Pathway Enrichment of SE-Associated Genes

Super-enhancers and their related genes identified from the MM1S cell line were downloaded from the website http://dbcorc.cam-su.org. H3K27ac ChIP-seq signal was also used to screen SE-associated genes in the MM1S cell line. Pathway enrichment analysis was performed to uncover the biological function of SE-associated genes2. Genes in GSE24080 dataset and the SE-associated genes in the MM1S cell line were overlapped to obtain the matrix of SE-associated genes.

Lasso Penalized Cox Regression Analysis

Super-enhancer-associated genes were further analyzed through the Lasso penalized Cox regression to narrow and select the potential prognostic genes. The contributions of all the genes were weighted by their relative coefficients. Ten-fold cross-validation was used to derive the best-fit lambda value to minimize the mean cross-validated error through the R package “glmnet.” Two parameters of lambda.min and lambda.1se were chosen to establish two ideal prognosis models. The Wilcoxon tests were used to distinguish death and survival events based on the two ideal models. Receiver operating characteristic (ROC) curves were plotted and the area under the ROC (AUC) was also calculated to compare the performance of the two Lasso models.

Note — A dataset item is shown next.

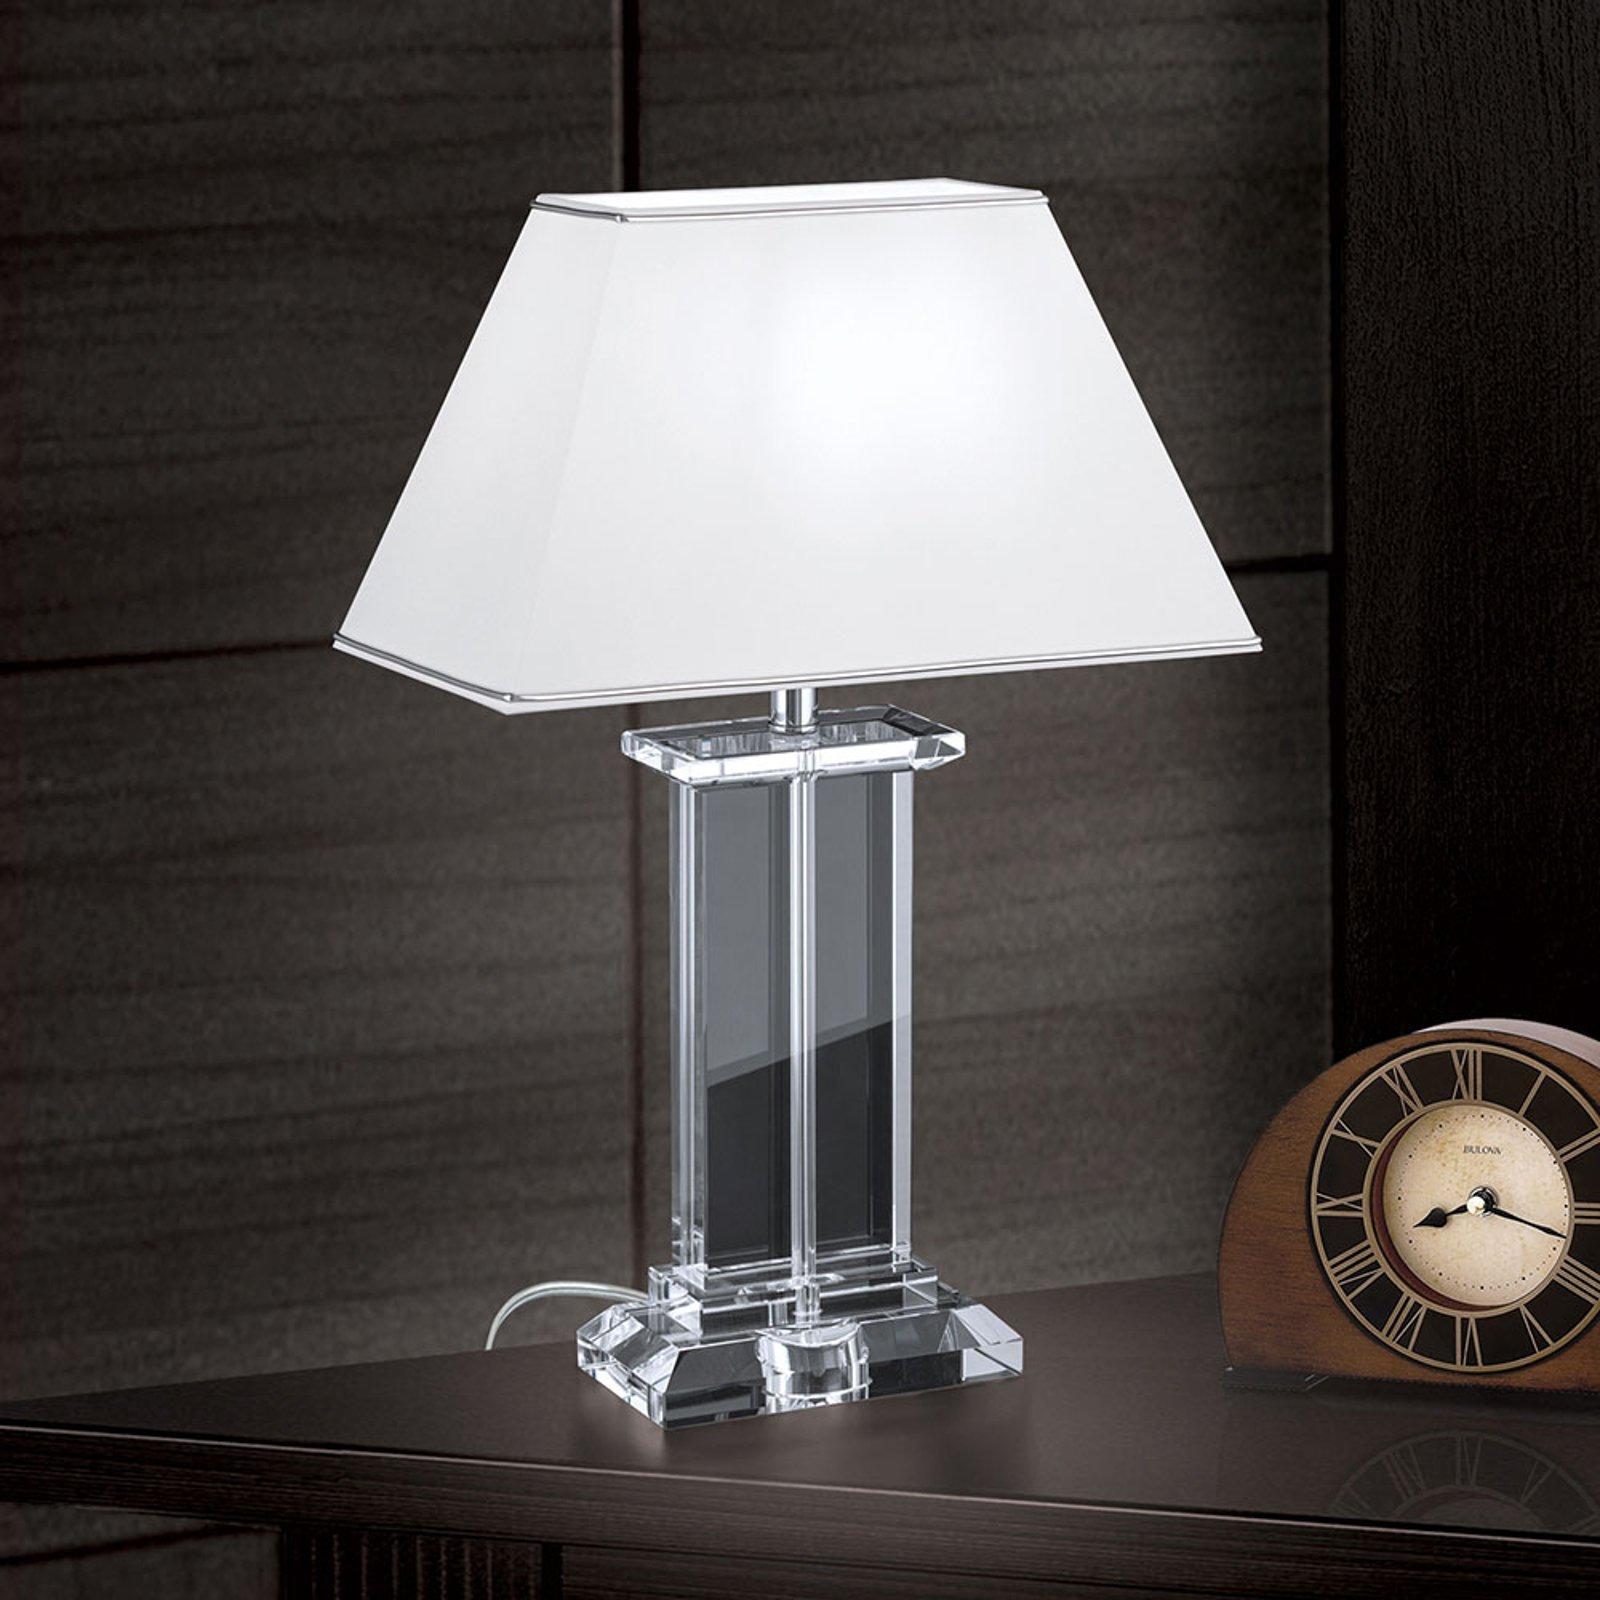 Bordlampe Veronique, fot bred, hvit/krom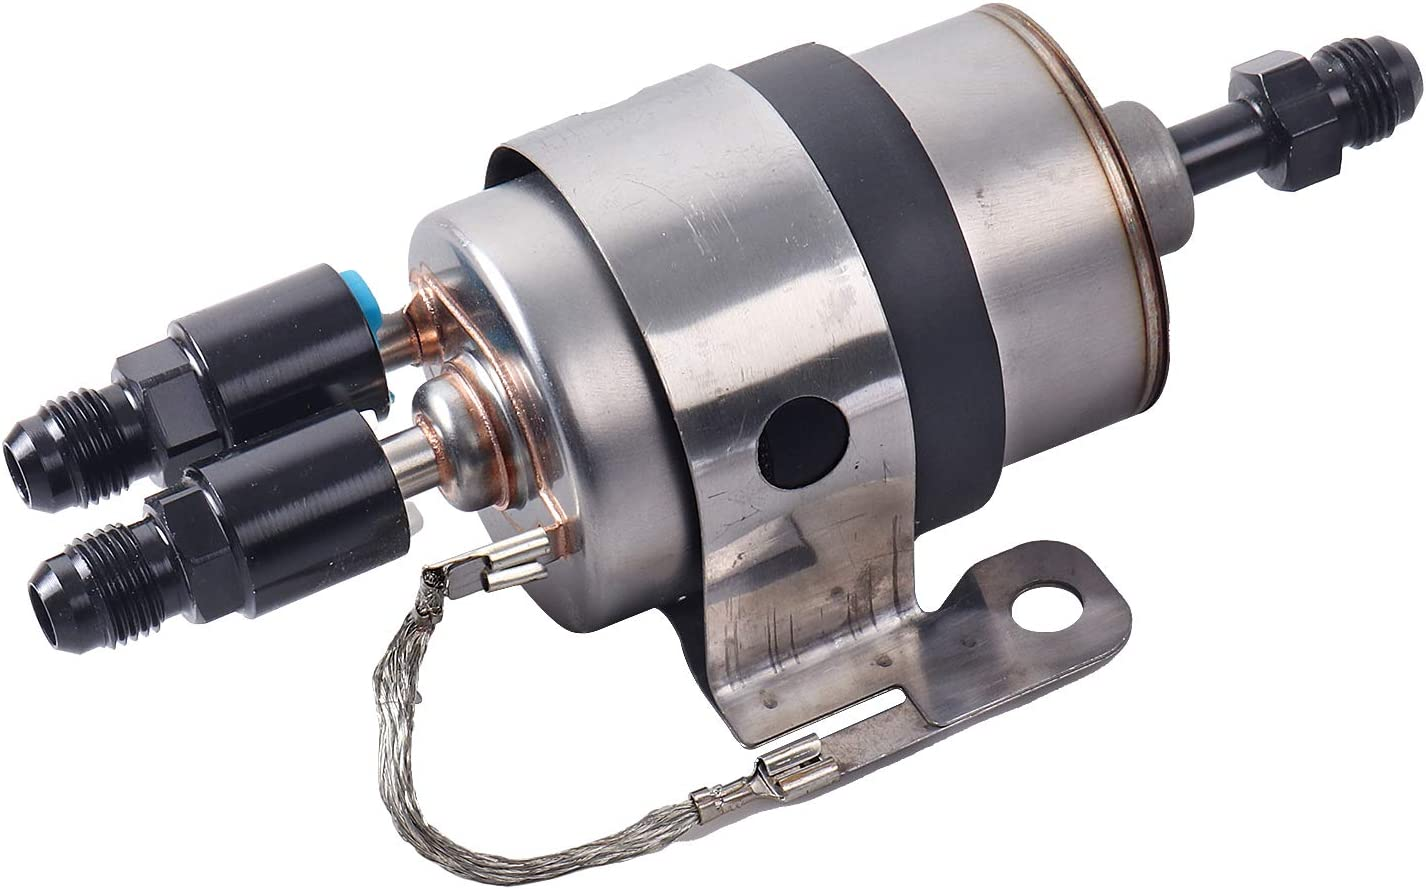 MOSTPLUS - 33737 GF822 10299146 quality 5 ☆ popular assurance EFI R Swap Pressure or Fuel LS

Establishment of a Risk Score Model to Predict Patient Overall Survival

After Lasso penalized Cox regression analysis was performed, the risk score model of selected genes was established and the risk scores of all samples were calculated according to the equation: risk score = Σβi Xi. Xi is the gene expression level and βi is the regression coefficient value. Patients were divided into high-risk (risk score > 0) group and low-risk (risk score < 0) group. Gene expression profiles of the identified SE-associated genes were plotted by the heatmap according to the risk group.

Survival Analysis and Time-Dependent ROC

Kaplan-Meier (K-M) curves were plotted and log-rank tests were performed to compare the overall survival between the high-risk and low-risk groups of MM patients by R packages “survival” and “survimer.” Log-rank p value less than 0.05 was considered statistically significant. Time-dependent ROC curves were plotted and AUC values were calculated to evaluate the discriminatory ability of the risk score model.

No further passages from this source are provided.